TASK DIRECTIONS:
The span to repeat in the listing below runs from the line containing "Weird Science DC" to the line containing "Hasbro Frozen 2", inclusive. Repeat it exactly, and only it.

INFORMATION SHOWN:
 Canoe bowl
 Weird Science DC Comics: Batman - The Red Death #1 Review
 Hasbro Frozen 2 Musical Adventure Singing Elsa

---

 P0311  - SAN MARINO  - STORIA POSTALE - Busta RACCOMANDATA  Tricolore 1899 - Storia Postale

WRITTEN RESPONSE:
 Weird Science DC Comics: Batman - The Red Death #1 Review
 Hasbro Frozen 2 Musical Adventure Singing Elsa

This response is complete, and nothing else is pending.